DLC is usually a couple of registers and the gap between them might not be the same. On the P04 we found a couple of the registers were merged. Maybe check the P04 test kernel and its comms routines might be a better fit than the P01 routines. Still need the DLC registers though. Should not be too hard to find given enough time in the disassm once the main comms loop is found. It should be along the lines of call a subroutine to gather a data packet, compare the mode to see what the packet is then hand off to a subroutine to handle it. The read routine will have all the receive registers, and the write ones will be nearby. Its quite likely the write routine which has those registers is within a routine or two close to the read routine.

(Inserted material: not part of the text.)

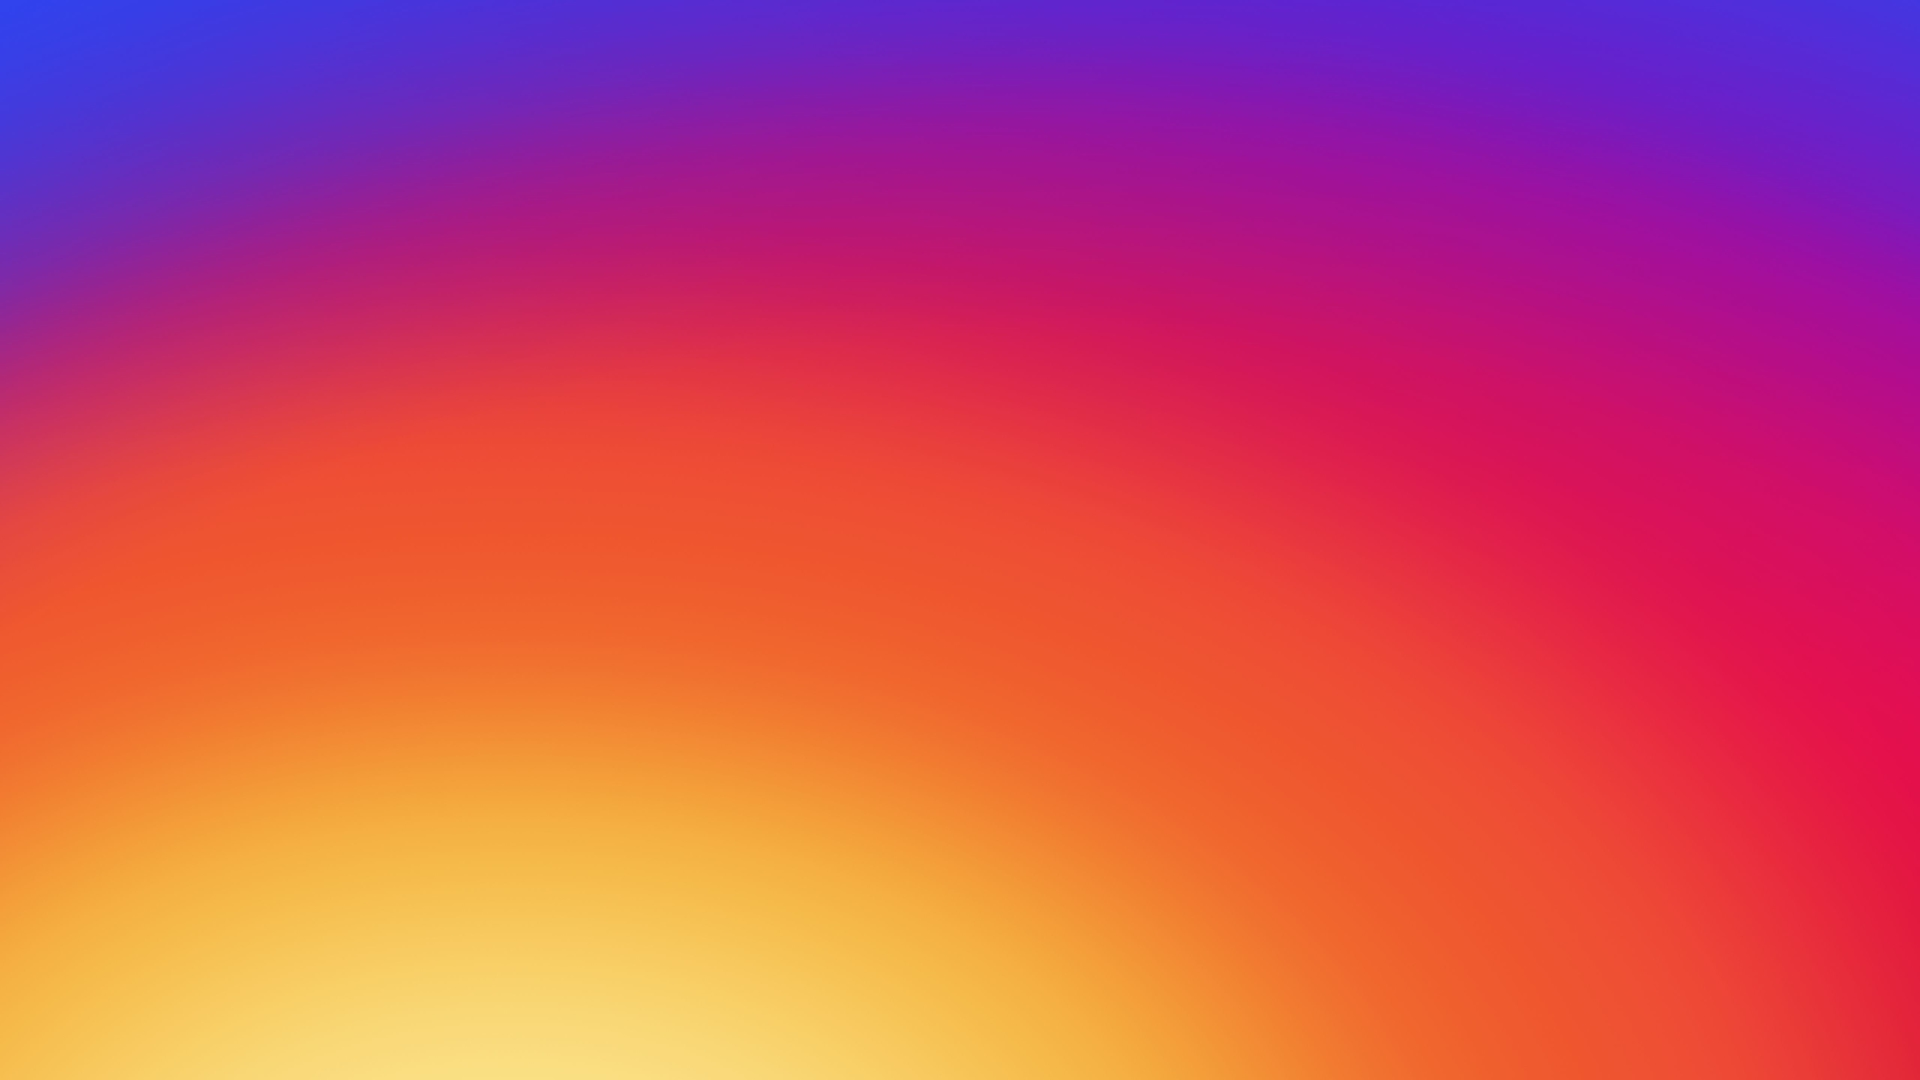 1920x1080 Instagram Gradient 1080p Laptop Full Hd Wallpaper
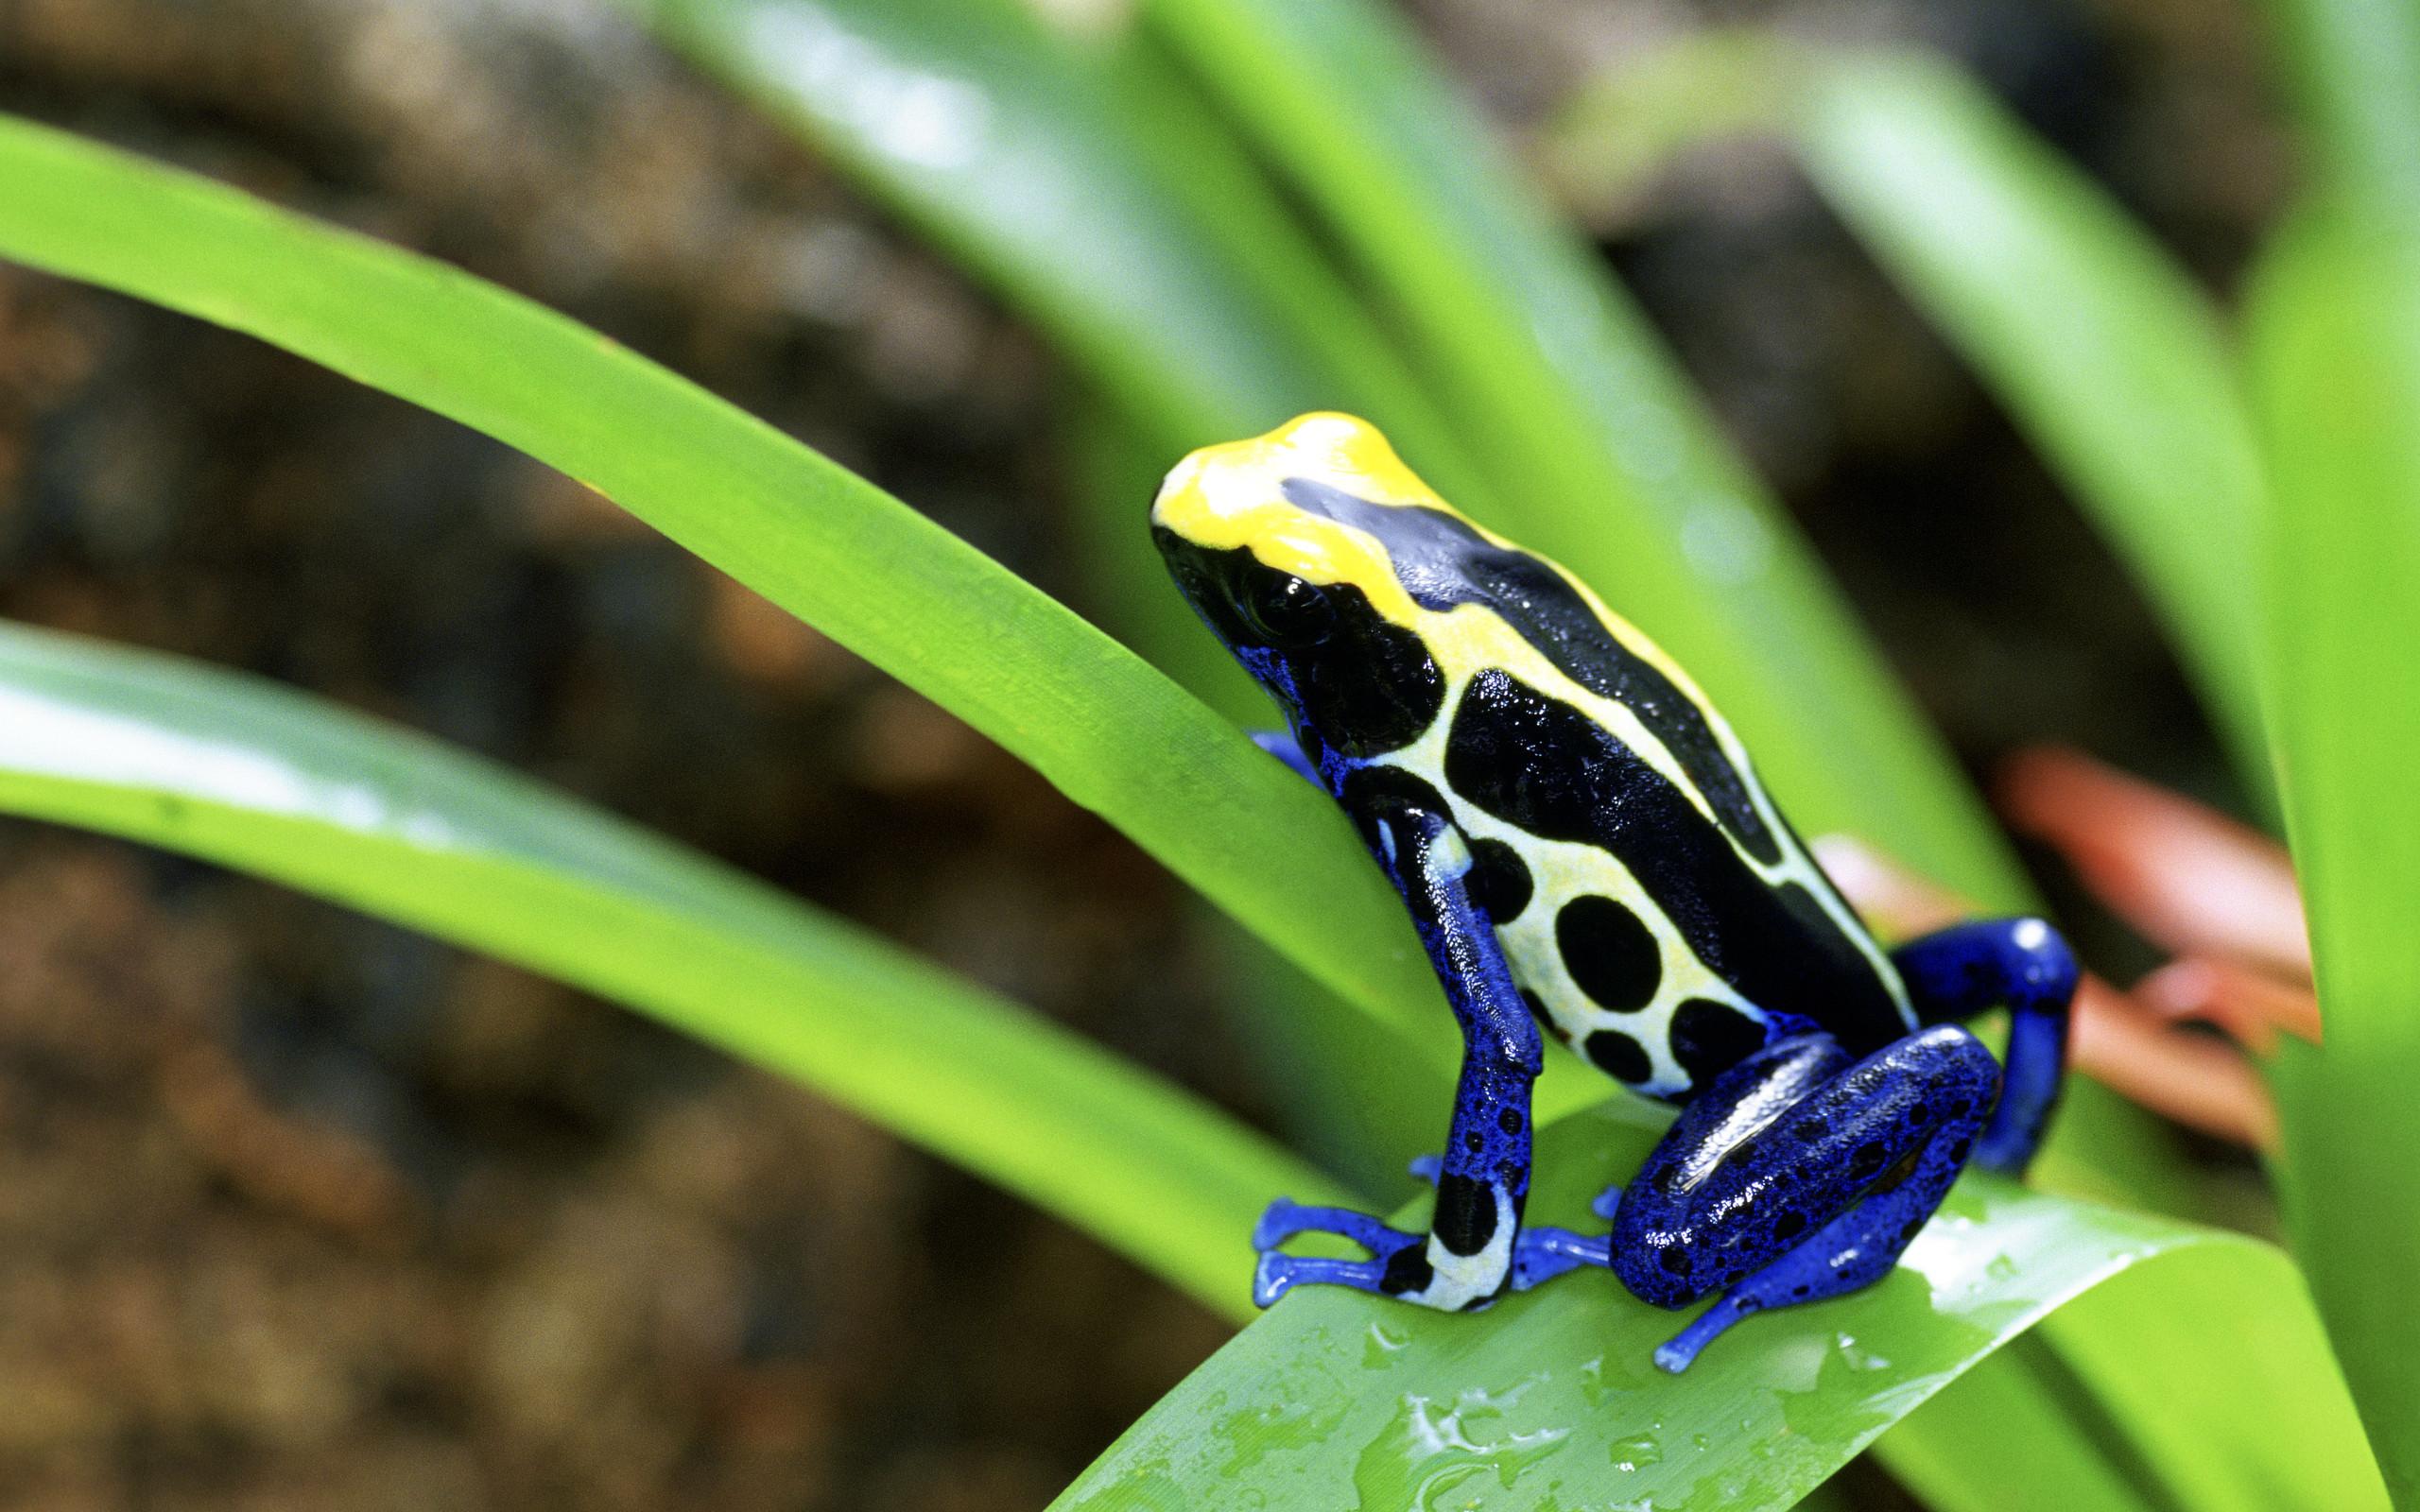 Res: 2560x1600, Animal - Poison dart frog Wallpaper

If were serious about this I think we need to implement a kernel structure in the C# code which contains the binary filename on disk, the load address, and a list of enums as to what it supports. Then in the PCM hammer main loop we'll be able to turn of CRC validation if the kernel doesnt have it because it doesnt fit. That'd probably also get the P04 over the line.

[darkman5001]

Do you guys think that because it is saying the buffer is empty is the reason why the kernel isn't uploading? What's the next step? I ready to do more testing.